One of the biggest challenges here is that the term “data marketplace” is sill used in a very loose manner which risks ending up comparing apples with oranges… However, a carefully designed comparison can prove vital in advancing the current state of art. I’d be very glad to hear your ideas and feedback on this.

A Faceted Browser over SPARQL Endpoints

I have recently been working on (yet another?) faceted browser over RDF data… more precisely RDF data loaded in a SPARQL endpoint that support COUNT and GROUP BY queries. I have successfully used it against Fuseki, Talis platform(tested against http://api.talis.com/stores/bbc-backstage/services/sparql) and Virtuoso (tested against http://dbpedia.org/sparql)

Main characteristics:

  1. Configurable: most aspects of the browser is configurable through two JSON files (configuration.json and facets.json). This includes basic templating & styling ability. To change the style, add a facet or browse a completely different data; just edit the json files accordingly and reload the page
  2. No preprocessing required: as all request are standard SPARQL queries… nothing is required a priori neither on the publisher nor on the consumer end
  3. Facets are defined as triple patterns (see example) therefore facets values don’t need to be necessarily directly associated with the items browsed i.e. they can be a few hops of the browsed items

see the screenshot below to get a feeling of the browser…
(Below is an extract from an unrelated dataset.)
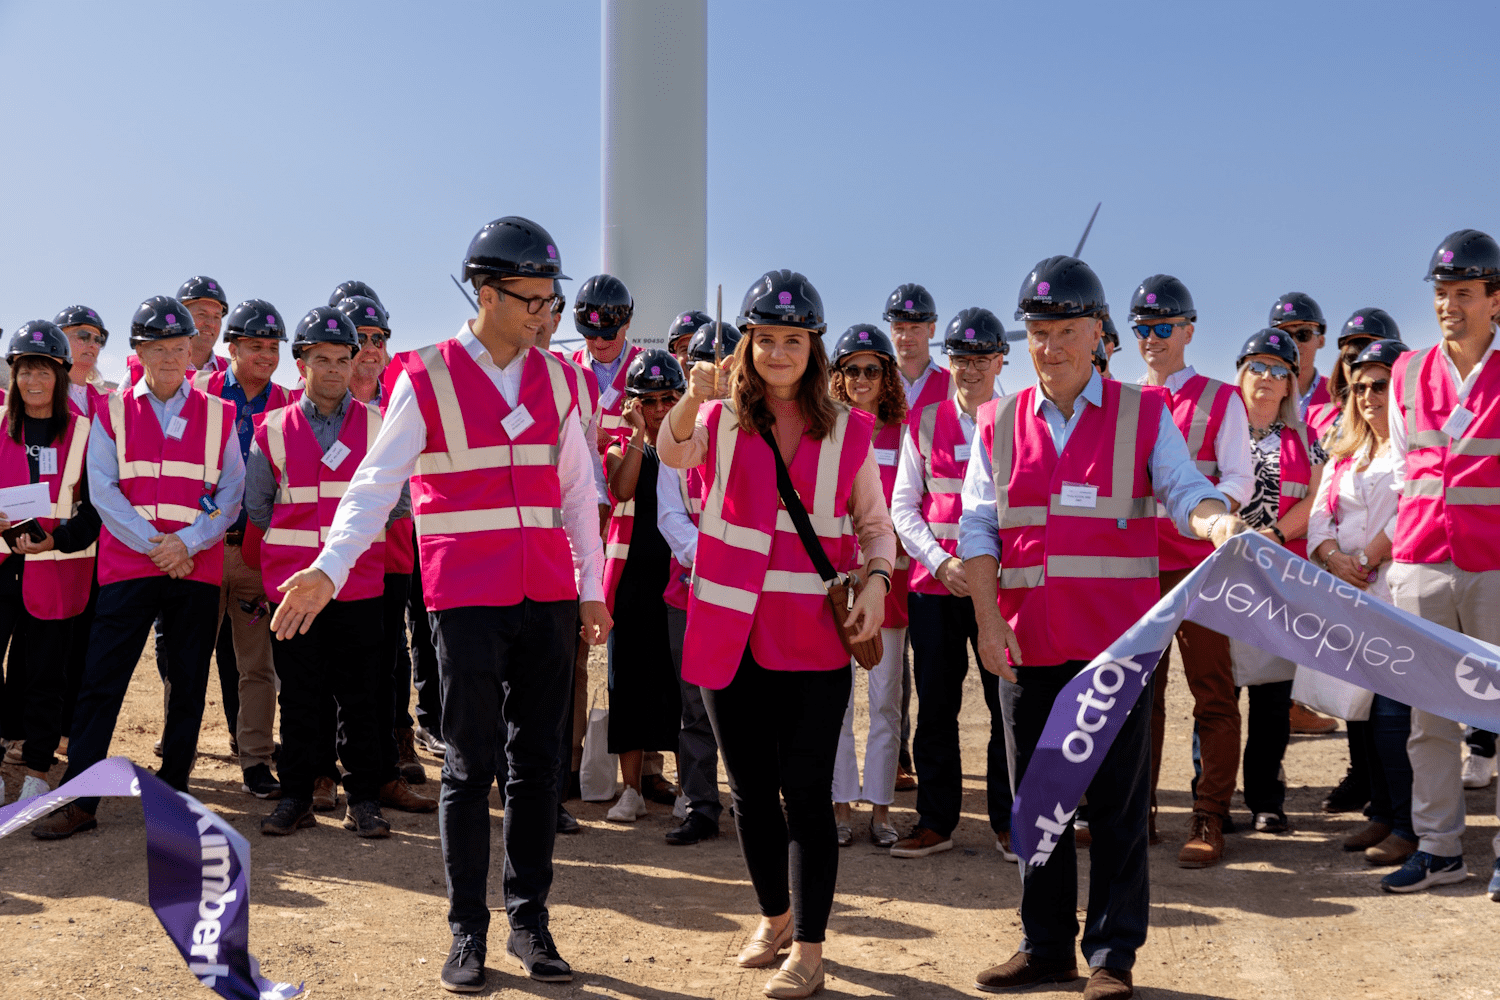 Kimberly-Clark Professional Launches First-Ever Wind Farm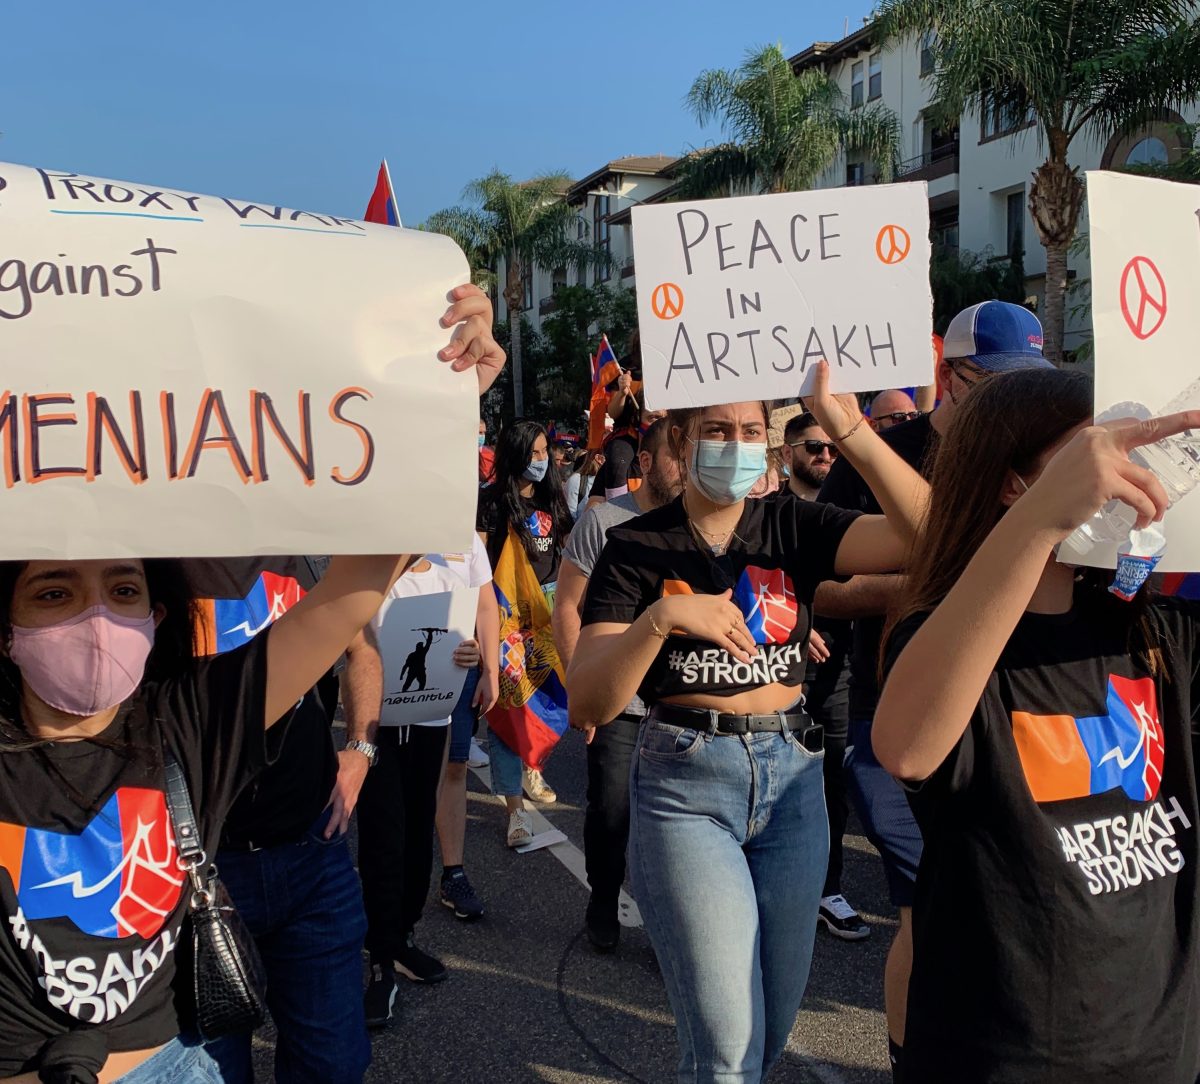 Members of the Armenian Club march in support of Artsakh

If you have used Google Refine before, the resemblance is probably clear. Indeed, I am reusing the JavaScript and CSS code that makes the facets part of Google Refine (they are gratefully under New BSD License.. how much I love open source!!!)

Having it running

The code is shared on github. grab it, deploy it to a Java application server and then play with the configuration files  (a number of examples are provided with the source)

Outlook and //TODO

The most exciting part to me (thanks to the Google Refine inspiration) is that all the needed knowledge about the endpoint and the facets are maintained as JSON on the client side and communicated with the server upon each request. If a user somehow update this configuration and submit to the server, she can customise her view (as an example I added a change button to each facet which allow the user to change only the facet she sees… potentially an add facet button can be added)

Additionally, a list of issues and features to add is on the github repository.

comments/feedback are very warmly welcomed 🙂


Update 19/03/2012:  support for fulltext search facets added. Currently supports Virtuoso and standard SPARQL (using regex). See example

Kasabi directory matrix

Kasabi is a recent player in the data marketplace space. What distinguishes Kasabi from other marketplaces (and make it closer to my heart) is that it is based on Linked Data. All the datasets in Kasabi are represented in RDF and provide Linked Data capabilities (with additional set of standard and customised APIs for each dataset… more details).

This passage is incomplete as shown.